Wisconsin vs. Oregon in Pasadena. The Rose Bowl will be played in "the Rose Garden," and refereed by a pruner. Winners receive----what else, roses. The losers receive baby's breath.

 

Oklahoma State vs. Stanford in Glendale. Tostitios Fiesta Bowl will be played in "Scoops" bag and refereed by "the Frito Bandito." Winners receive a "fiesta of chips," and the losers receive some "dip."

 

Michigan vs. Virginia Tech in New Orleans. The Allstate Sugar Bowl will be played once again on Bourbon Street, but not under a spell and refereed by "an adjuster." Winners receive "accident forgiveness," the losers... artificial sweetener!

 

Clemson vs. West Virginia in Miami. The Discover Orange Bowl will be played in "an orange crate," and refereed by "Orange Julius." The winners receive "maps, GPS units and instructions," to discover. The losers have to "figure it out."

 

Kansas State vs. Arkansas in Arlington. The ATT&T Cotton Bowl Classic will be played in an old "phone booth," and refereed by a utility lineman. Winners receive calling cards; the losers get a roll of dimes.

 

Pittsburgh vs. SMU in Birmingham. The BBVA Compass Bowl will be played in the finance office and refereed by a "loan officer." Winners will receive BBVA compasses and the losers get an official BBVA "map."

 

Northern Illinois vs. Arkansas State in Mobile.

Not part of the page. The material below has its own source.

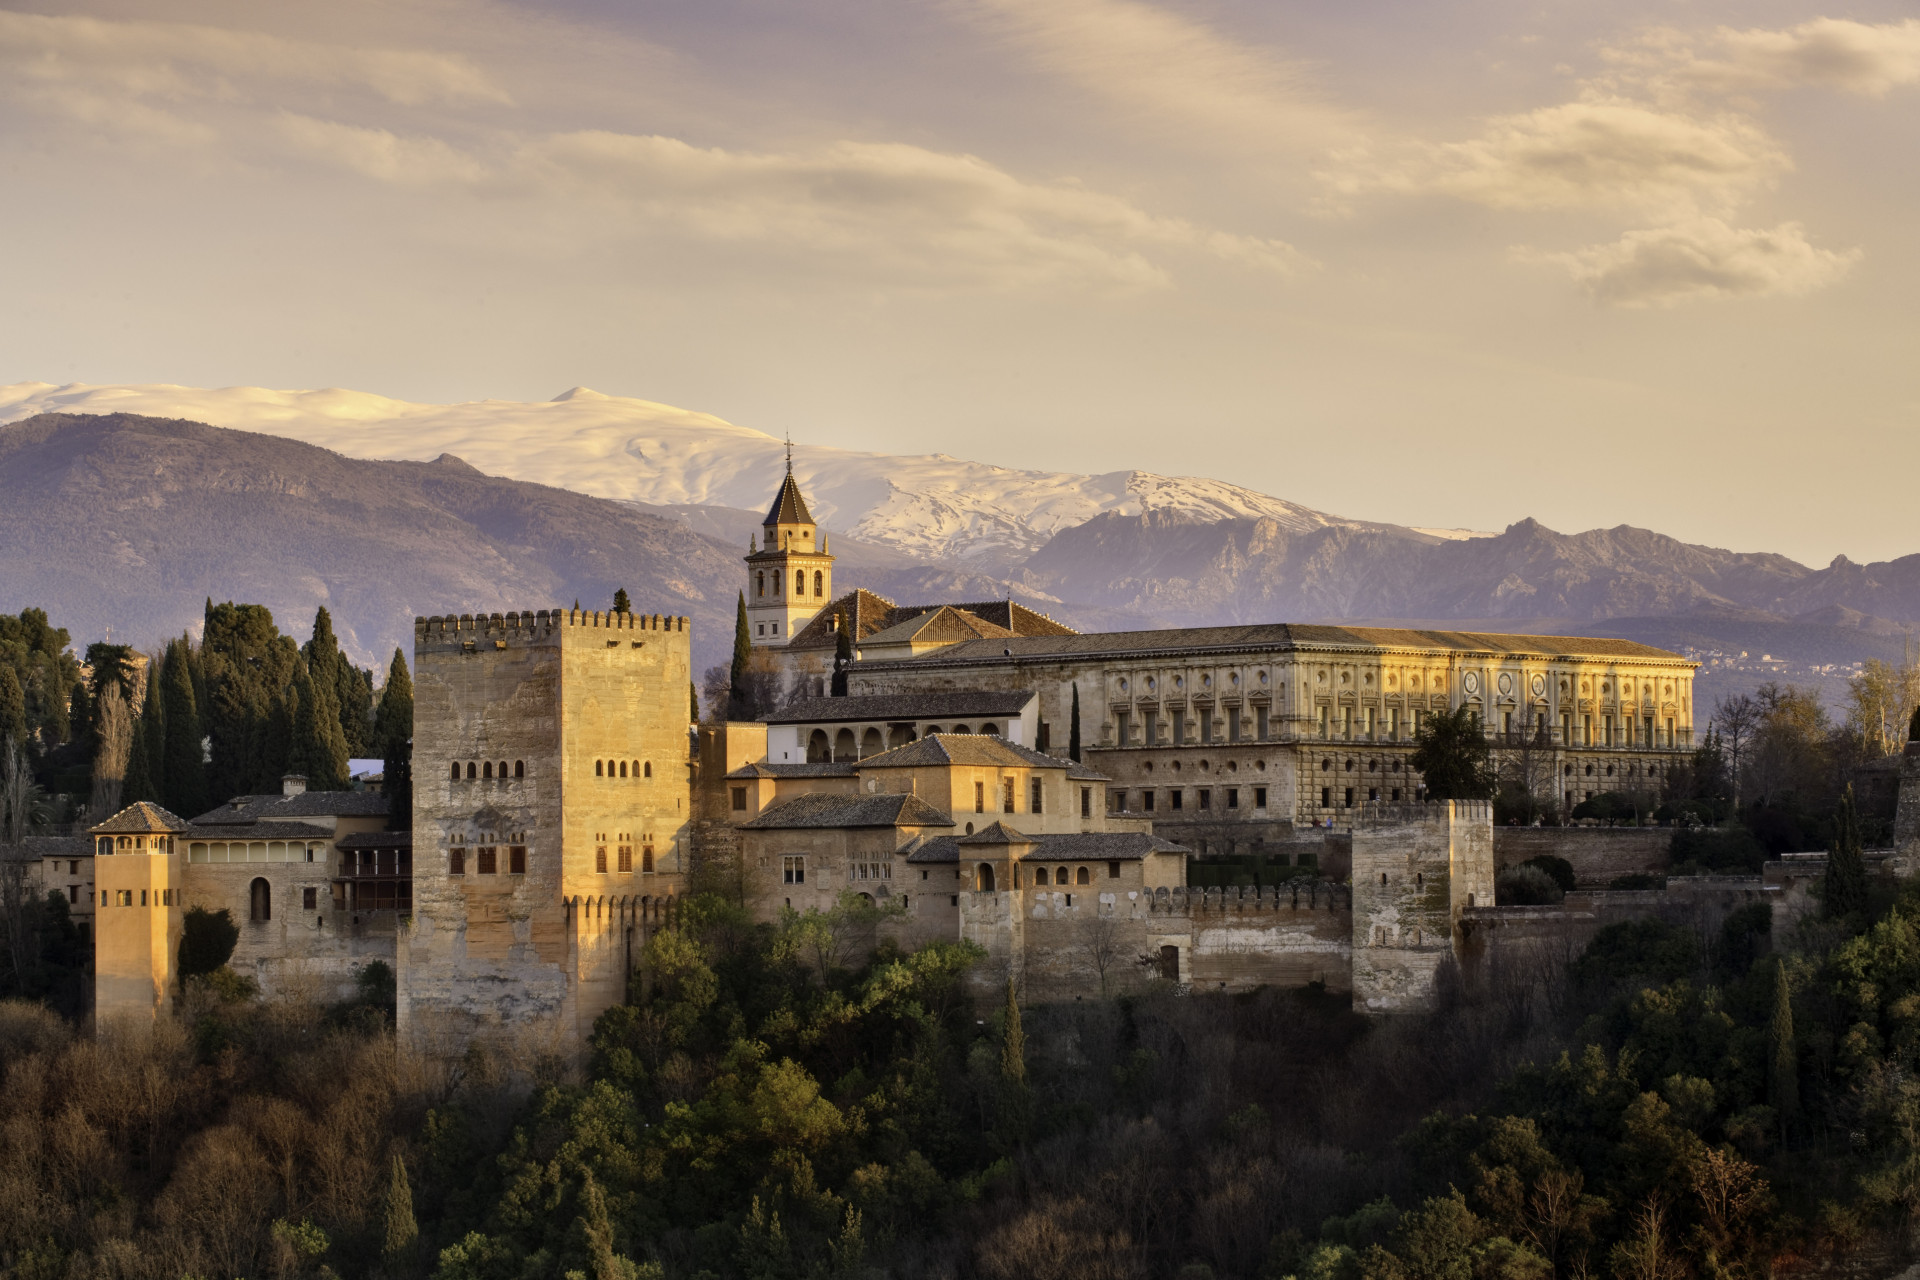 In the Spanish region of Andalusia you'll find Granada. The city is famous for its old fortress known as Alhambra, which holds traces of Islamic culture.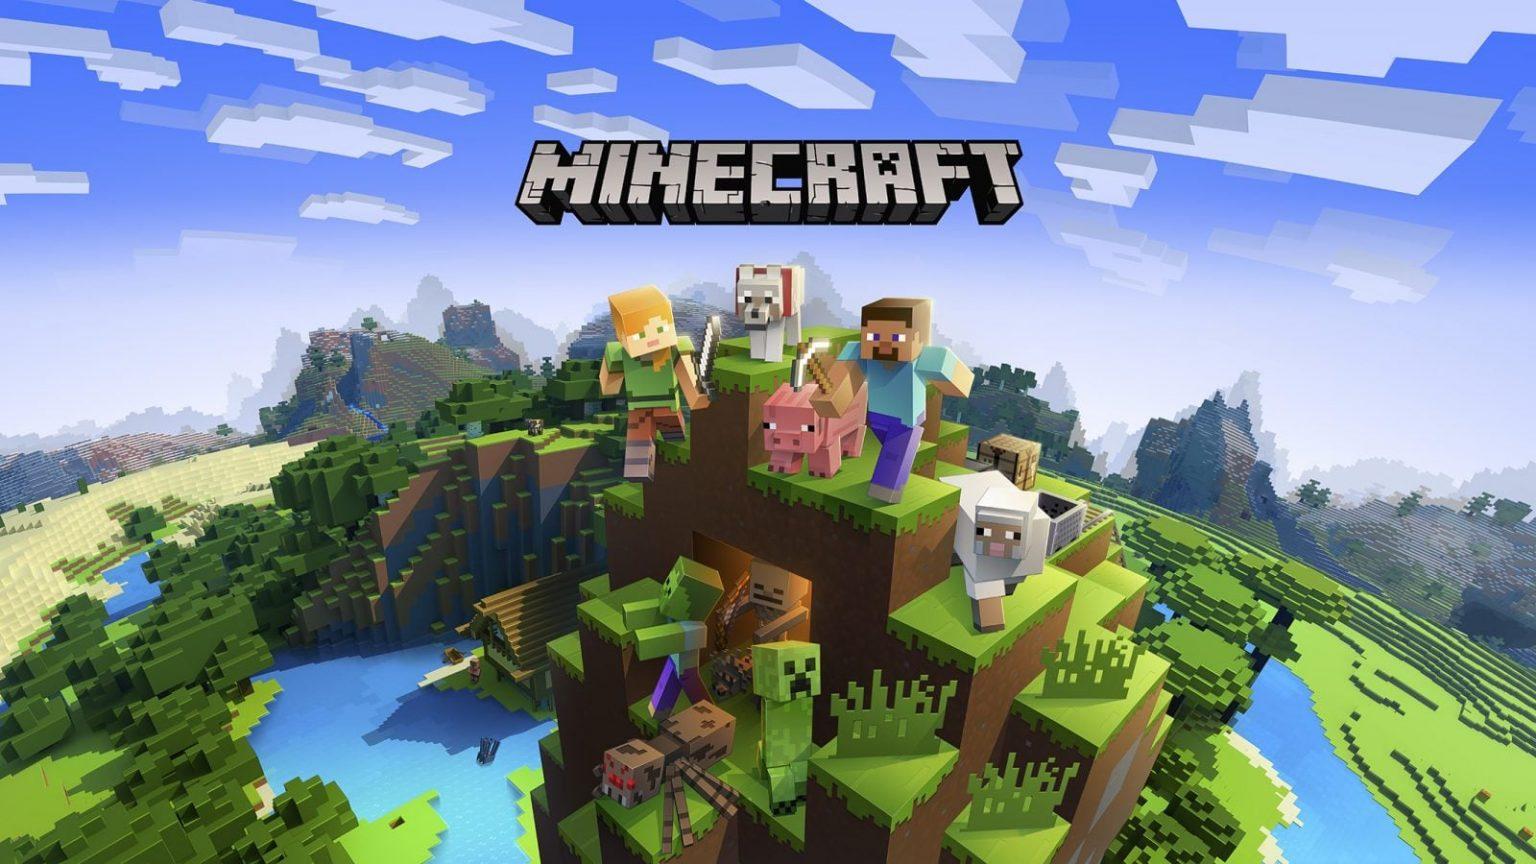 is there any free minecraft download in the computer

The GoDaddy.com Bowl will be played on their website (virtual this year--- saves money!) and refereed by a web designer. Winners get to meet their "Daddy", losers are put up for adoption!

 

LSU vs. Alabama in New Orleans. The Allstate BCS National Championship will be played once again on Bourbon Street, but this time under a LSU spell and refereed by the "Mayhem guy." Winners are "put in good hands," the losers, get their premiums raised.